Geometrically, multiplying by a scalar stretches (if \(\alpha>1\)) or compresses (if \(\alpha<1\)) a vector. Below we multiply the black vector by \(1/2\) to get the red vector.

import matplotlib.pyplot as plt #import plotting library

v1 = [1,2] #vector 1
alpha = 1/2 #scalar
v2 = [i*alpha for i in v1] #multiplication by a scalar

#original vector
plt.arrow(0, 0, #starting x and y values of arrow
          v1[0], v1[1], #change in x and y 
          head_width=0.1, color='black', length_includes_head=True) #aesthetics

#stretched vector
plt.arrow(0, 0, #starting x and y values of arrow
          v2[0], v2[1], #change in x and y 
          head_width=0.1, color='red', length_includes_head=True) #aesthetics

plt.xlim(0,2.5) #set bounds on x axis
plt.ylim(0,2.5) #set bounds on y axis
plt.show()

png

Multiplying vectors and matrices together is a bit trickier, but is based on the fact that a row vector times a column vector is equal to the sum of the products of their respective entries

\[ \begin{equation*} \begin{pmatrix} a & b & c \end{pmatrix} \begin{pmatrix} x \\ y \\ z \end{pmatrix} = ax + by + cz \end{equation*} \]

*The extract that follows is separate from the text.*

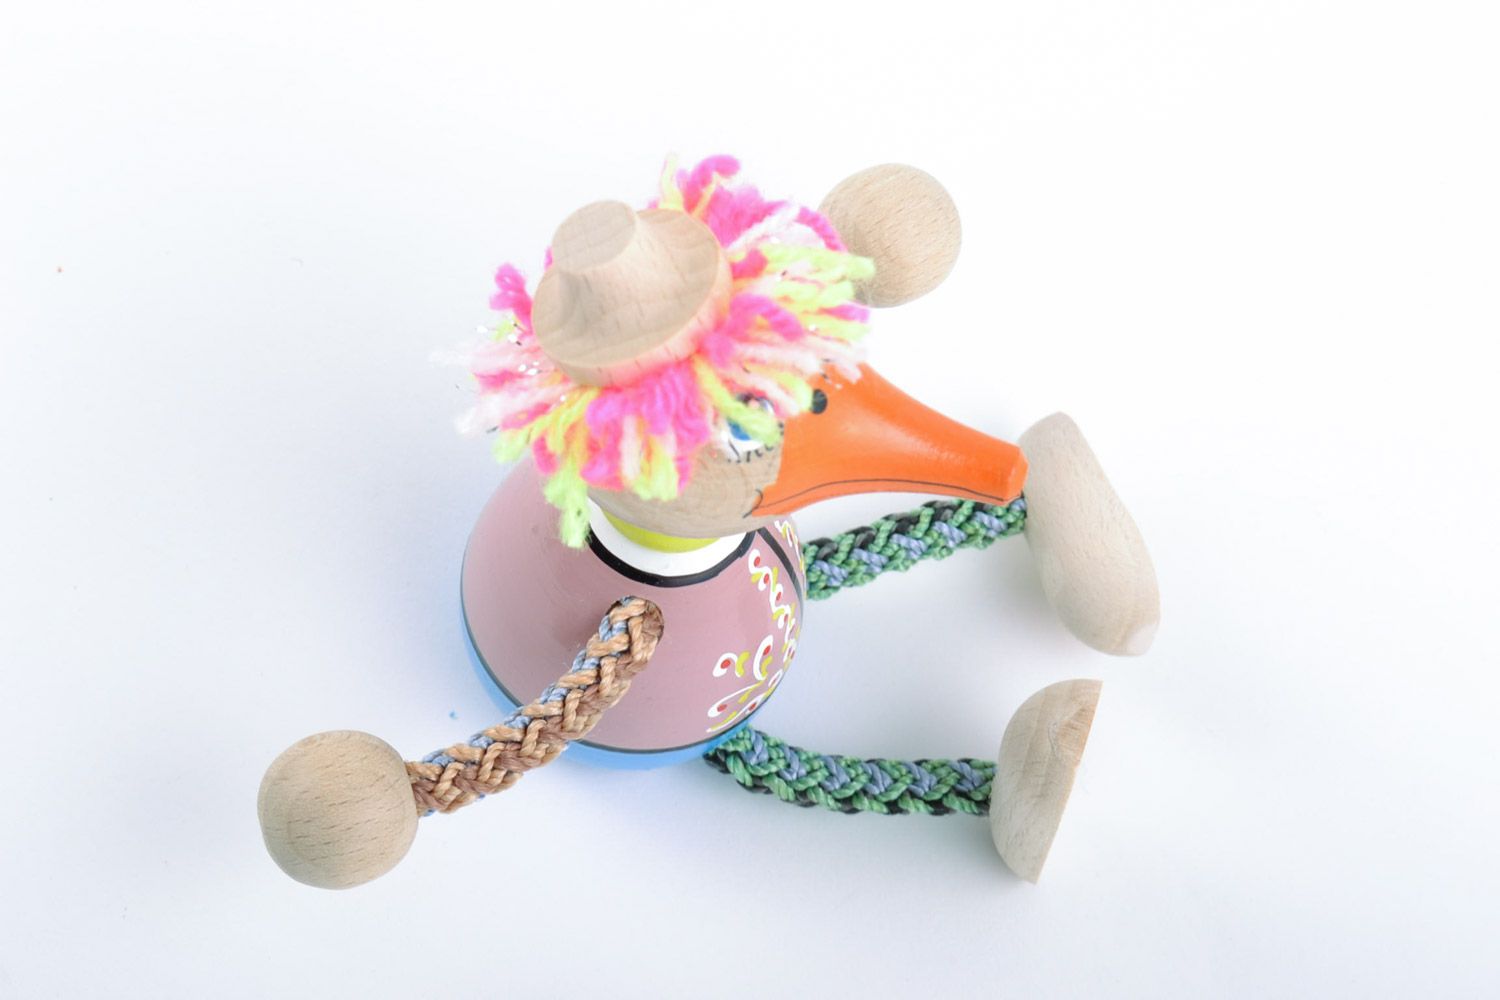 Красочная деревянная игрушка в виде утки ручной работы расписанная эко красками фото 4

This is referred to as the dot product. (There are other types of products for vectors and matrices, which we won't cover in this class.)

To multiply a matrix by a vector, this procedure is repeated: first for the first row of the matrix, then for the second row of the matrix, etc, and stacking the sums in the resulting vector,

\[ \begin{equation*} \begin{pmatrix} a & b & c \\ d & e & f \\ g & h & i \end{pmatrix} \begin{pmatrix} x \\ y \\ z \end{pmatrix} = \begin{pmatrix} ax + by + cz \\ dx + ey + fz \\ gx + hy + iz \\ \end{pmatrix} \end{equation*} \]

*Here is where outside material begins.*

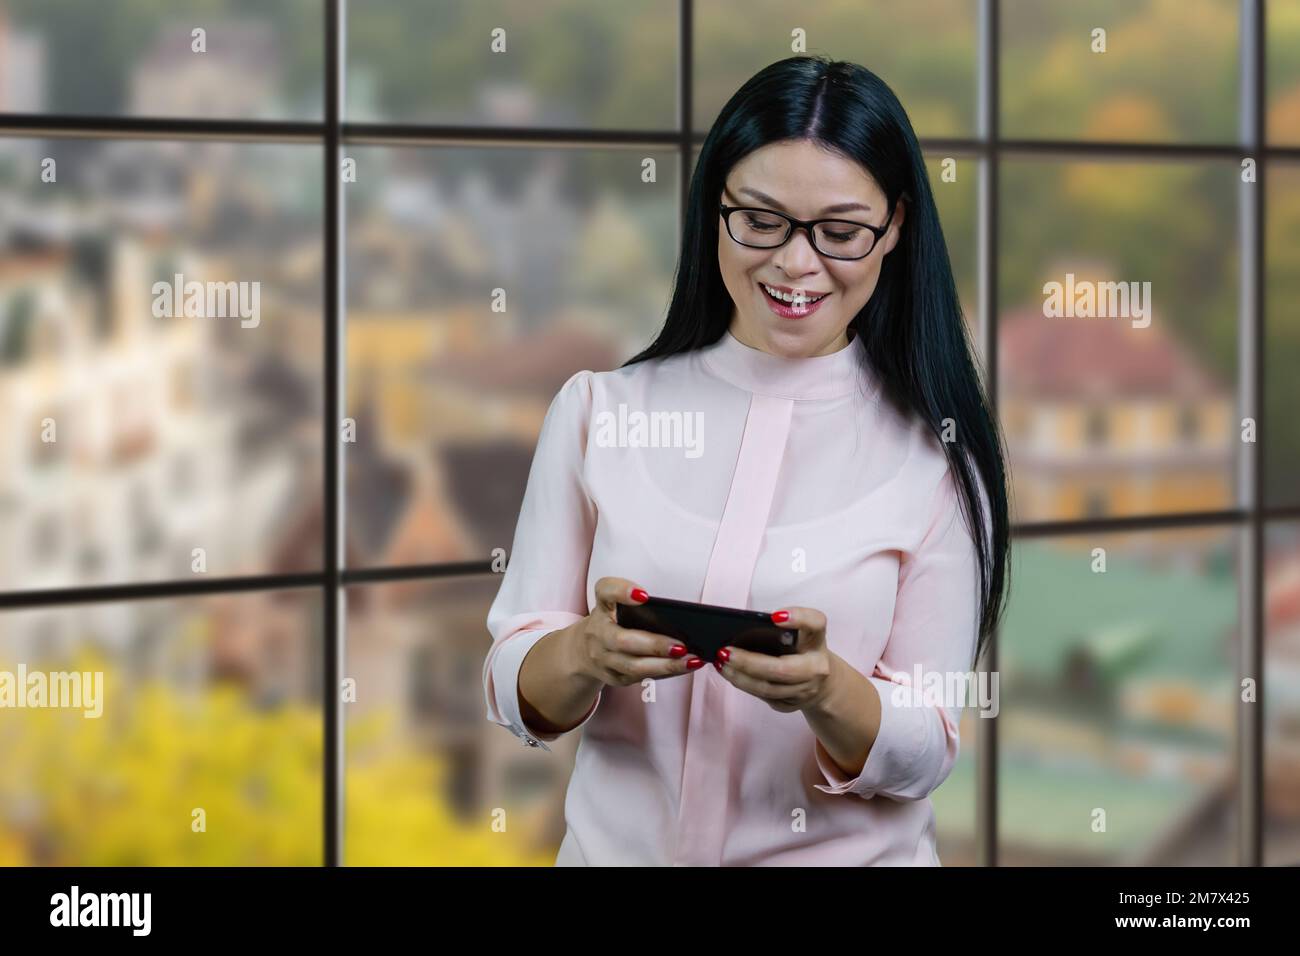 Glückliche asiatische Geschäftsfrau, die Videospiele auf ihrem Smartphone spielt. Karierte Fenster mit unscharfem Hintergrund. Stockfoto

Geometrically, multiplying a vector by a matrix stretches and rotates a vector. Below we multiply the black vector by a matrix to get the red vector.

import matplotlib.pyplot as plt #import plotting library
from sympy import *

v = Matrix([[2],[1]]) #column vector
M = Matrix([[1,-1],[1,1/4]]) #matrix
u = M*v

#original vector
plt.arrow(0, 0, #starting x and y values of arrow
          float(v[0]), float(v[1]), #change in x and y 
          head_width=0.1, color='black', length_includes_head=True) #aesthetics

#stretched and rotated vector
plt.arrow(0, 0, #starting x and y values of arrow
          float(u[0]), float(u[1]), #change in x and y 
          head_width=0.1, color='red', length_includes_head=True) #aesthetics

plt.xlim(0,2.5) #set bounds on x axis
plt.ylim(0,2.5) #set bounds on y axis
plt.show()

png

To multiply a matrix by a matrix, the same procedure is then also repeated acros the columns of the second matrix: first for the first column of the second matrix, then for the second column of the second matrix, etc, and placing the sums in their respective rows and columns of the resulting matrix,

\[ \begin{equation*} \begin{pmatrix} a & b \\ c & d \end{pmatrix} \begin{pmatrix} e & f \\ g & h \end{pmatrix} = \begin{pmatrix} ae + bg & af + bh \\ ce + dg & cf + dh \end{pmatrix} \end{equation*} \]

Warning

An \(m \times n\) matrix (or vector) \(\mathbf{A}\) can be multiplied on the right by \(\mathbf{B}\) only if \(\mathbf{B}\) is an \(n \times p\) matrix (or vector). The resulting matrix (or vector) will then be \(m \times p\).

As opposed to basic algebra, matrix multiplication is not commutative. That is, \(\mathbf{AB}\) does not generally equal \(\mathbf{BA}\).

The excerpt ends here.